Les méthodes ”agiles” de management de projets informatiques

Les méthodes « agiles » : une nouvelle tendance managériale

Le secteur informatique participe d’une évolution générale qu’ont connue les industries de logiciels, dans les vingt dernières années. Cette évolution se trouve à l’origine de la rapidité et de la complexité des projets informatiques : instabilité et obsolescence des demandes, fortes exigences des clients, accélération du marché technologique, diversification des offres, etc.
Comme nous l’avons déjà précisé, l’anticipation des besoins des clients et la définition complète de l’ensemble des demandes sont devenues très risquées. Dans un tel contexte, les soucis de réactivité, de réduction des délais de mise sur le marché et d’adaptabilité se sont progressivement imposés.
Comment transformer les pratiques d’ingénierie et les modes de management pour produire plus rapidement les applications informatiques? Comment concilier la qualité des produits et les délais de livraison ? Comment rendre les logiciels conformes aux attentes évolutives des clients ? Comment concilier la dialectique entre le niveau de connaissances acquis et les capacités d’actions dans un projet ? C’est en répondant à cet ensemble de questions qu’un groupe de professionnels et d’experts en matière de développement informatique a mis en œuvre, à la fin des années 1990, un ensemble de méthodes classées sous le qualificatif « agile ».

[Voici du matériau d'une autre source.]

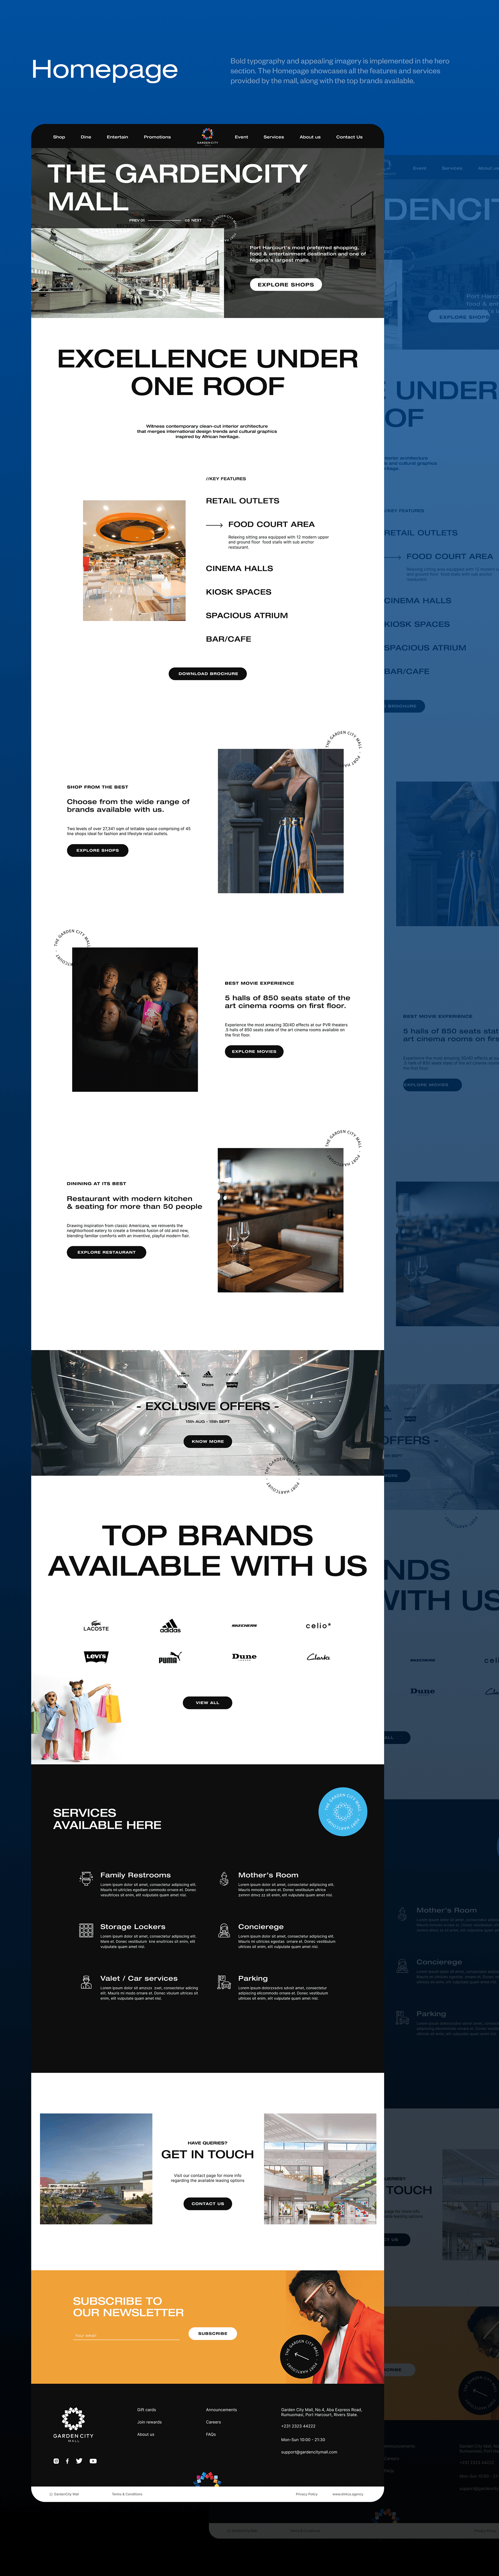 ecommerce website websitedesign bold font UX design ui design

Vers un consensus autour de la définition de l’agilité

Depuis la fin des années 1990, un nombre croissant de professionnels du développement de logiciels se sont intéressés au concept d’agilité et ont tenté, à travers divers articles et ouvrages, d’y apporter une définition. Pour Erickson et ses collègues (Erickson, Lyytinen & Siau, 2005), l’«agilité» permet de s’emparer de la rigidité des méthodes de développement « traditionnelles » et incite à répondre, de manière très rapide, aux changements de l’environnement et aux contraintes imposées par les délais, toujours plus courts, de livraison de projets. Dans une même optique, d’autres auteurs ont apparenté le développement « agile » aux notions de flexibilité, de rétroaction et d’adaptation au changement rapide et continu. Pour ces personnes, les méthodes « agiles » ont été mises en place dans le but d’intégrer le changement plutôt que de le freiner ou de le détourner. Elles constituent un moyen pour les sociétés de développement de survivre dans un environnement instable (Abrahamsson, Salo & Ronkainen, 2002 ; Williams & Cockburn; 2003 ; Beck & Andres, 2004). D’autres définitions ont, quant à elles, mis l’accent sur l’aspect humain. Du point de vue de leurs auteurs, l’imprévisibilité de l’environnement est surmontée à travers les individus et leur créativité (Dyba, 2000 ; Beck, 2004). Si l’ensemble de ces définitions s’accordent sur les principes d’adaptabilité et de flexibilité, elles ne permettent pas d’avoir une vision précise de ce que représente concrètement le concept d’agilité en matière de développement et de management de projets informatiques.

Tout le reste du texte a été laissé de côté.